Discussion Topic 1: Absorption vs. Variable Costing
In this week’s discussion, we will examine the effects of absorption costing and variable costing on net income.
Harris Company’s fixed overhead costs are $4 per unit, and its variable overhead costs are $8 per unit. In the first month of operations, 50,000 units are produced and 46,000 units are sold. Write a short memo to the chief operating officer explaining which costing approach will produce the higher income and what the difference will be.
Just do response each posted # 1to 3 down below only
Posted 1
Hello Class and Instructor,
MEMO
To: Chief Financial Officer
Dear Sir or Madam
To completely understand the absorption vs. variable costing, it would best to define both. It mainly pertains to the allocation of manufacturing costs and its effect on reporting of net income. Under the absorption costing method, sales and marketing expenses are treated as a period cost, and hence expenses are recorded as and when incurred. In the variable costing method, product cost includes just the direct costs and variable manufacturing costs.

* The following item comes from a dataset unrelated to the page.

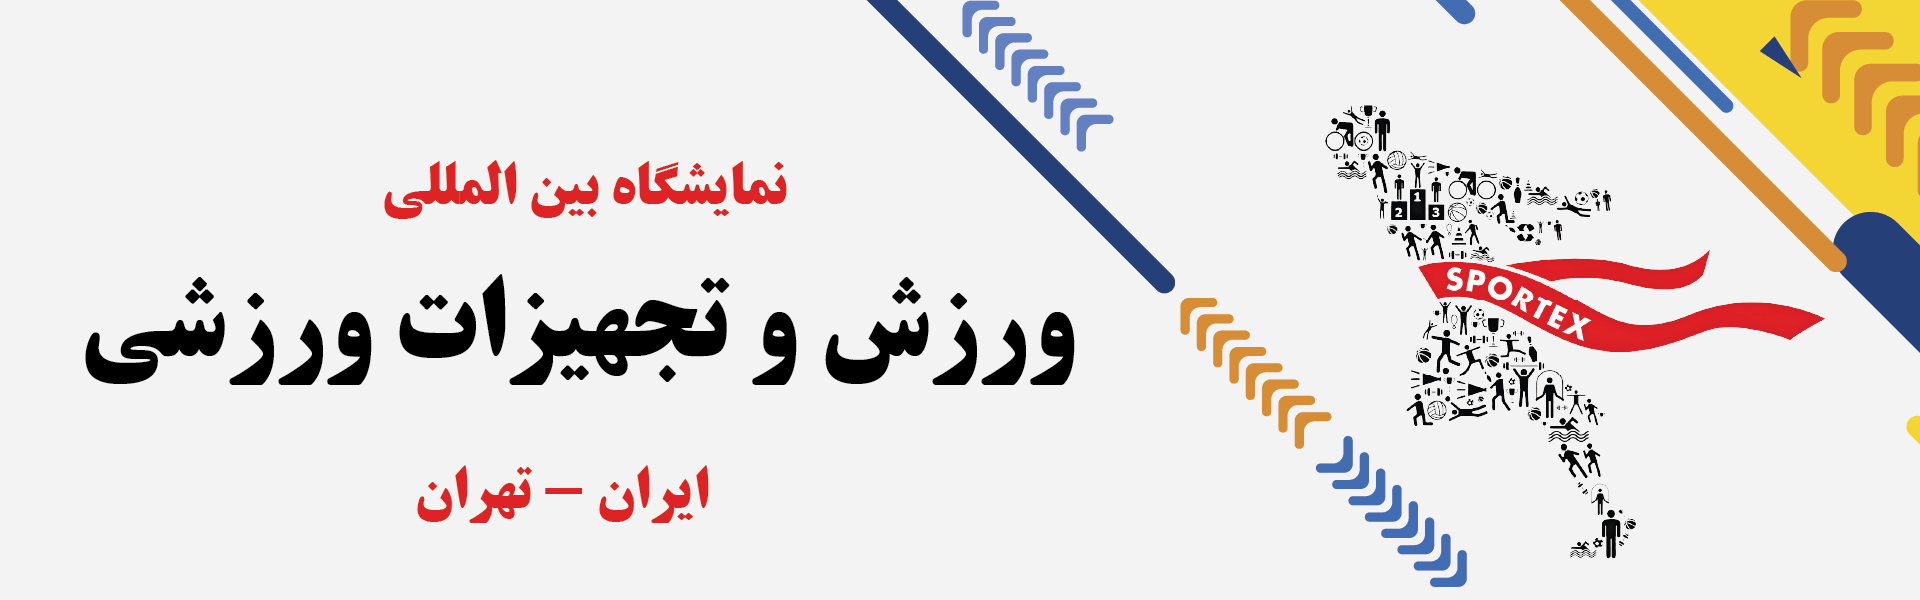 نمایشگاه بین المللی ورزش و تجهیزات ورزشی تهران

If the variable cost was used with the Harris Company, then or cost of sales would be more and decrease profit. On the other hand, if the absorption cost is used, the out cost would be low, and revenue would increase. Because of the increase in revenue, the absorption cost approach would be better to apply for the simple reason it has a fixed overhead that is deductible per unit basis. The difference in net income would be: (50000 – 46000) x4 = 16000.